Most important input Use radius from the axis to the object or sample center, not diameter

Quick Answer

Centrifugal force magnitude is calculated with \(F=m\omega^2r\) when angular velocity is known, or \(F=mv^2/r\) when tangential velocity is known. For RPM, first convert speed using \(\omega=2\pi RPM/60\). Then calculate acceleration with \(a=\omega^2r\), force with \(F=ma\), and g-force with \(RCF=a/g\).

Do not use this calculator when…

Do not use this simplified calculator as the only basis for rotor safety, centrifuge operation, flywheel containment, shaft design, fatigue analysis, bearing selection, or high-speed machinery approval. It calculates ideal circular-motion force magnitude only. Real rotating equipment also requires structural, vibration, material, balance, fatigue, and manufacturer-limit checks.

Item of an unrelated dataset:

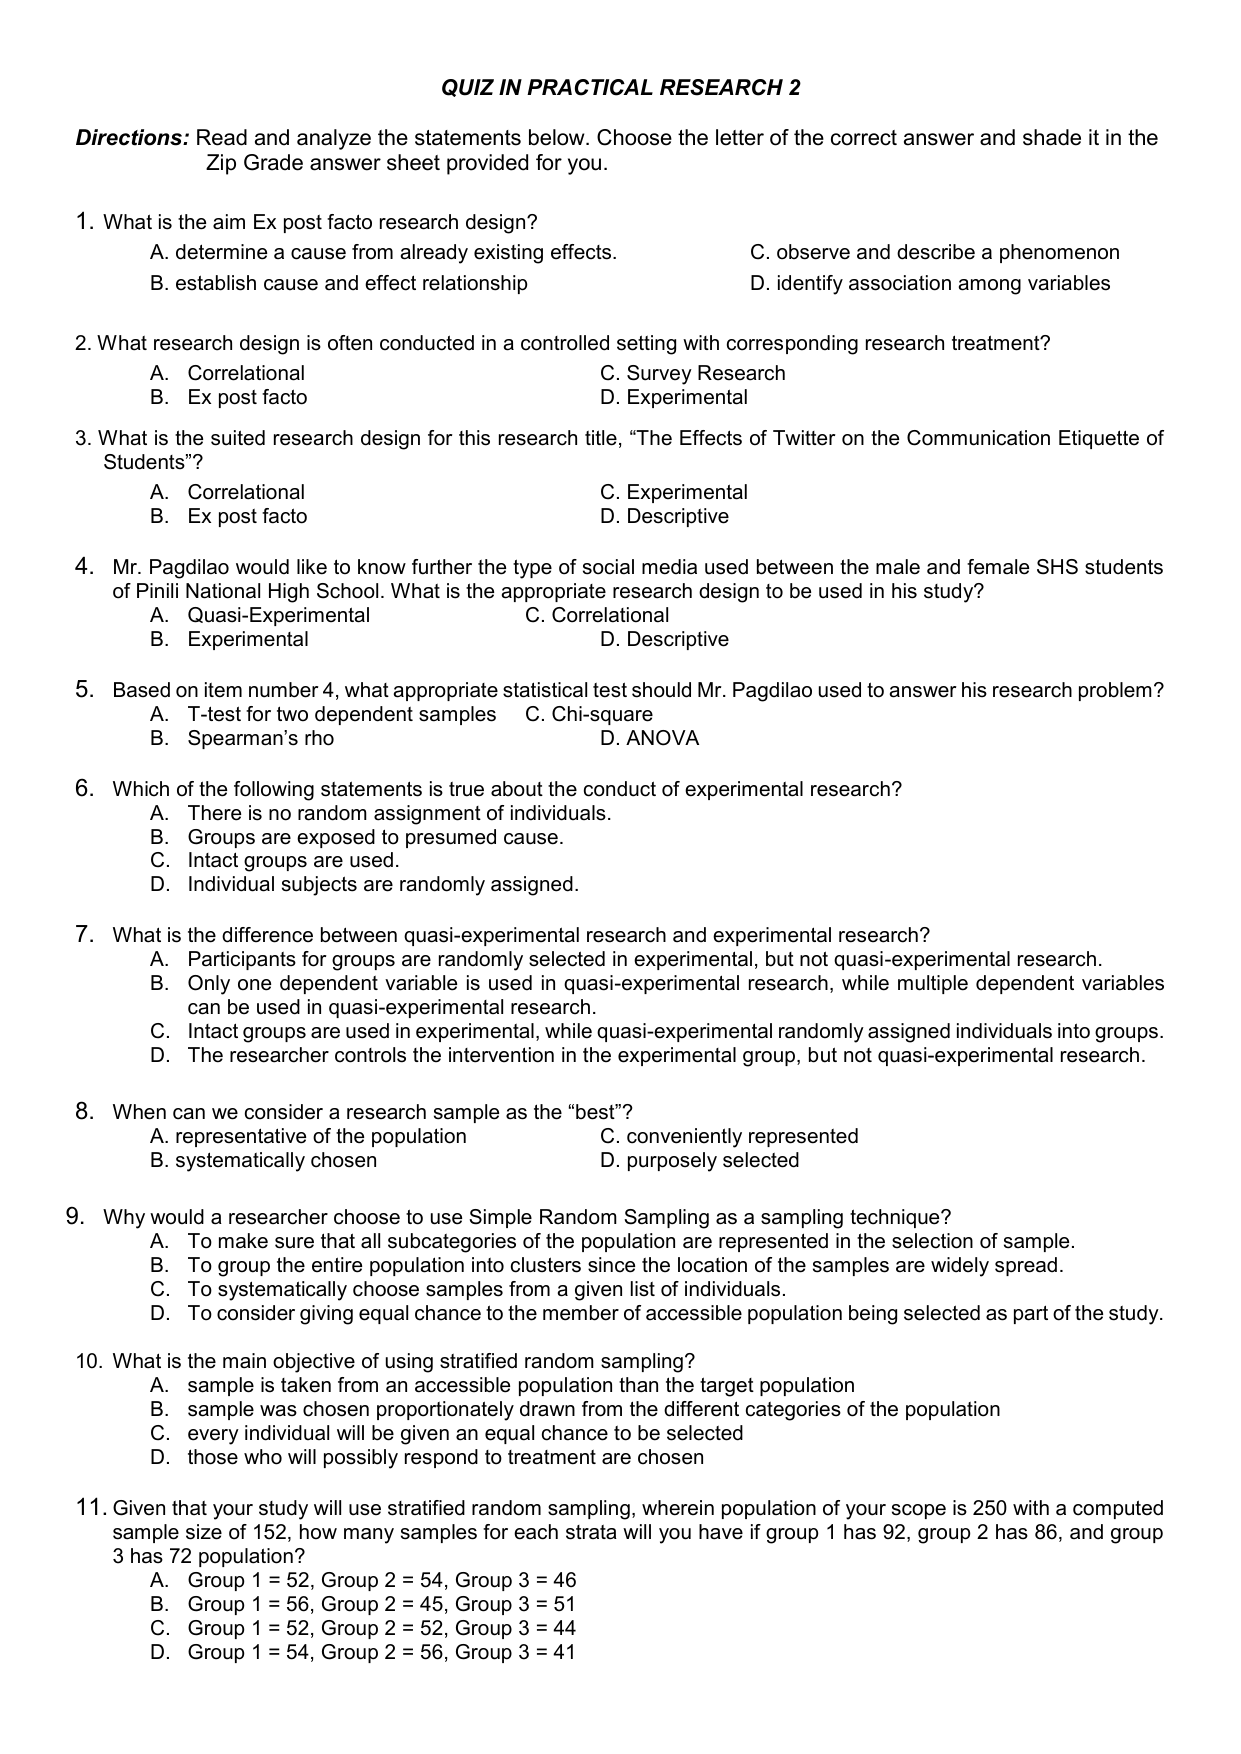 sample exam questions on research methods

Inputs and Outputs Used by the Calculator

The calculator changes the required inputs depending on the selected solve mode. For example, calculating centrifugal force from RPM requires mass and radius, while calculating RPM from target RCF only requires radius and desired g-force.

Centrifugal Force Calculator inputs and outputs
Type	Value	What It Means	Common Units
Input	Mass, \(m\)	Mass of the rotating object, sample, load, or equivalent point mass.	kg, g, lbm, oz, slug
Input	Radius, \(r\)	Distance from the rotation axis to the object center of mass or sample position.	m, cm, mm, ft, in
Input	Rotational Speed	Speed of rotation. The calculator can use RPM, angular velocity, frequency, period, or tangential velocity.	rpm, rad/s, rev/s, Hz, s/rev, m/s
Input or Output	Force, \(F\)	Magnitude of centrifugal or centripetal force for the selected mass, radius, and speed.	N, kN, lbf, kgf
Input or Output	Acceleration, \(a\)	Radial acceleration caused by circular motion before multiplying by mass.	m/s², ft/s², g
Input or Output	RCF / g-force	Acceleration expressed as multiples of standard gravity.	g
Output	Angular velocity, \(\omega\)	Rotational speed in radians per second, used directly in the main force equation.	rad/s
Output	Tangential velocity, \(v\)	Linear speed of the rotating object at the entered radius.	m/s, ft/s, mph, km/h

Formula Used by the Calculator

The calculator uses standard circular-motion equations. The best equation depends on whether rotational speed is known as angular velocity, RPM, frequency, period, or tangential velocity.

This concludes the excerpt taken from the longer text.